─── DATA ───

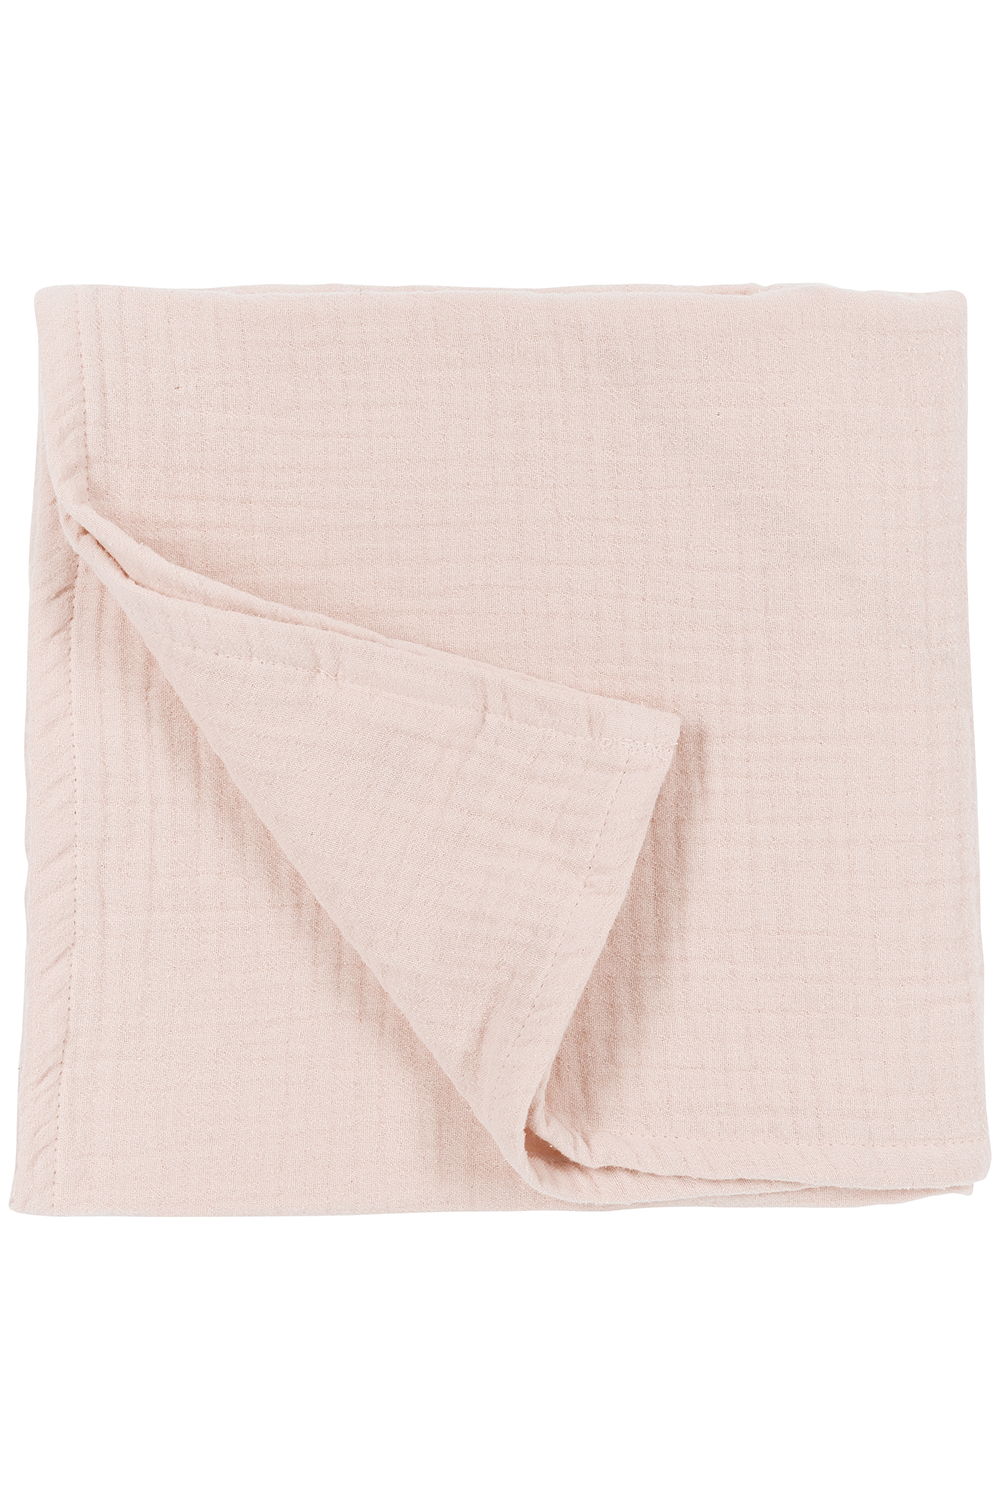 Blanket muslin Uni - soft pink - 140x200cm
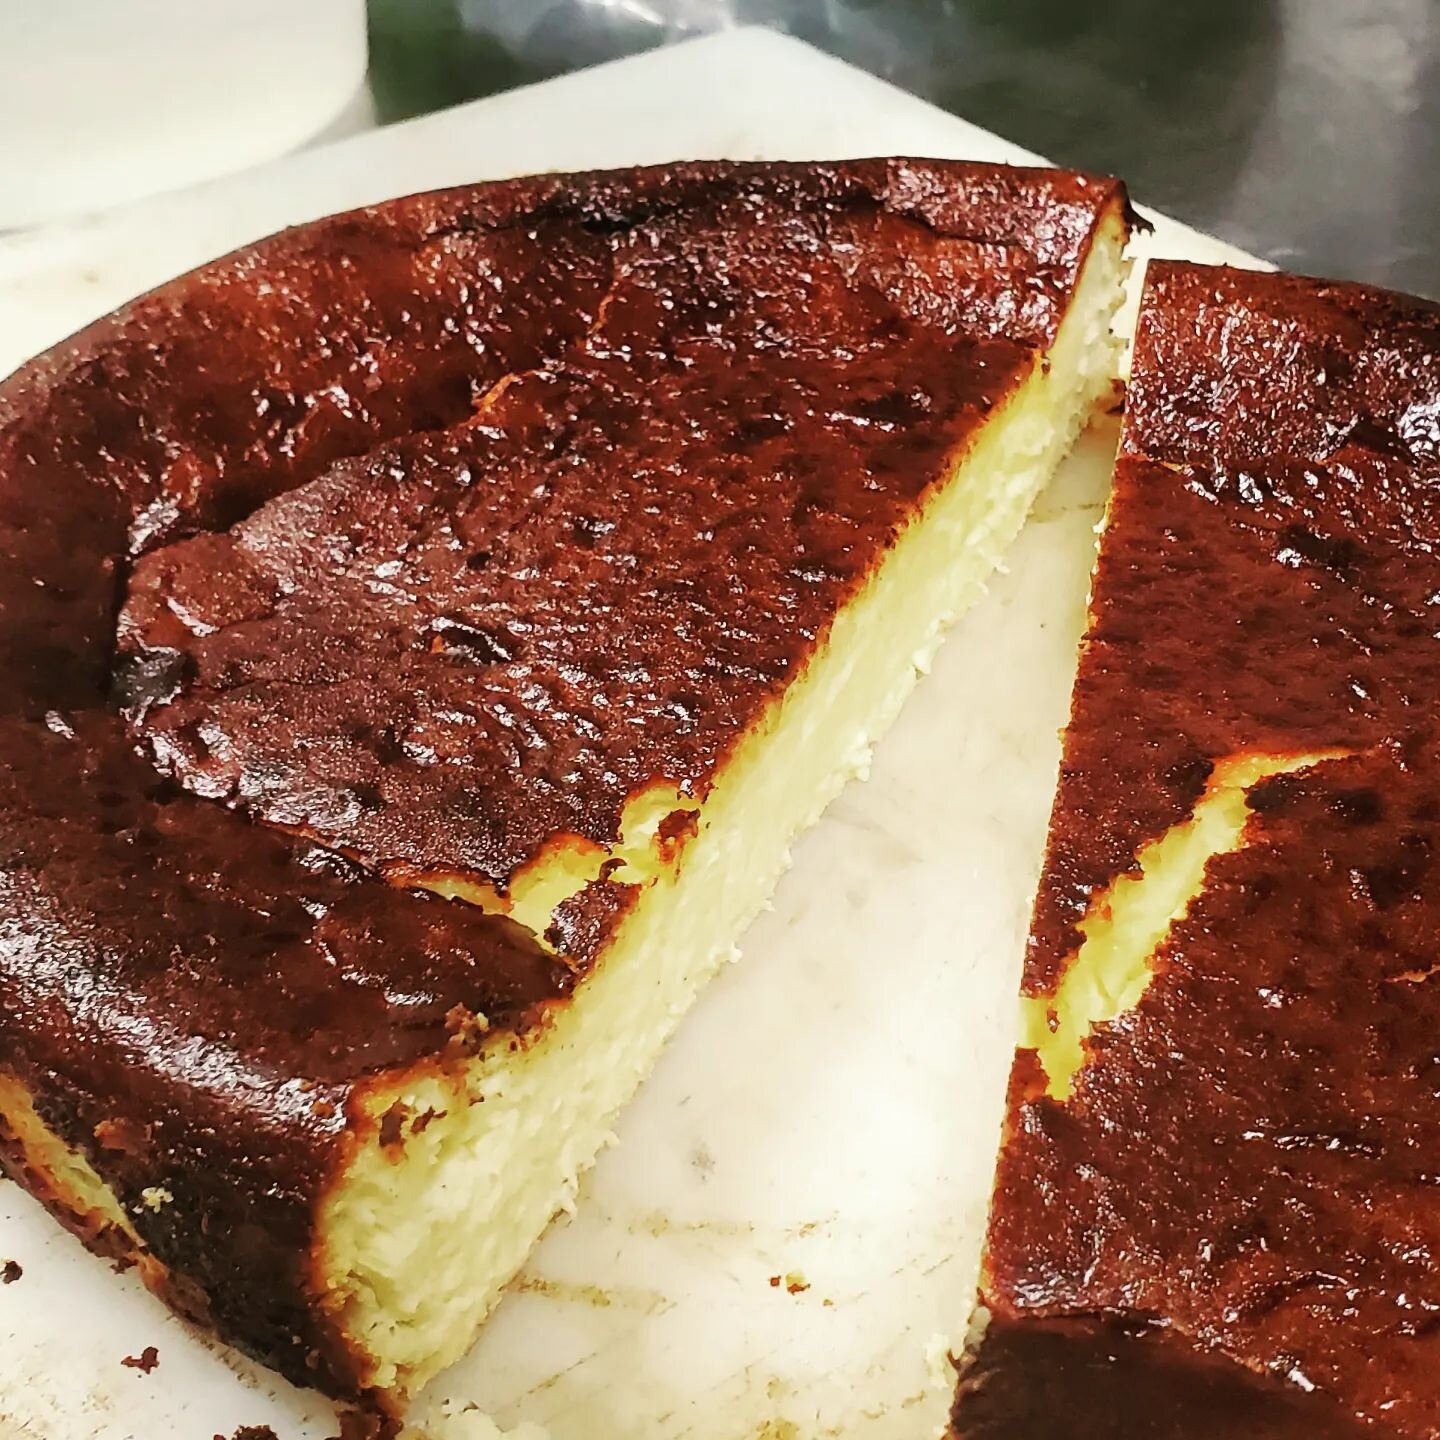 Basque cheesecake om our dessert menu tonight.
.
.
.
@culinarychefs @chefsroll @chefstalk @foodartchefs @chefstoday @army_of_chefs @goodfood.gallery @chefsplateform @theartofplating
@discovering_depoe_bay_oregon
#finedining #artofplating #gastronomy

───

ASSIGNMENT -
Copy exactly the lines that run from the line containing "Basque cheesecake om" to the end of the data, keeping both end lines and dropping every picture.

WRITTEN REPLY -
 Basque cheesecake om our dessert menu tonight.
.
.
.
@culinarychefs @chefsroll @chefstalk @foodartchefs @chefstoday @army_of_chefs @goodfood.gallery @chefsplateform @theartofplating
@discovering_depoe_bay_oregon
#finedining #artofplating #gastronomy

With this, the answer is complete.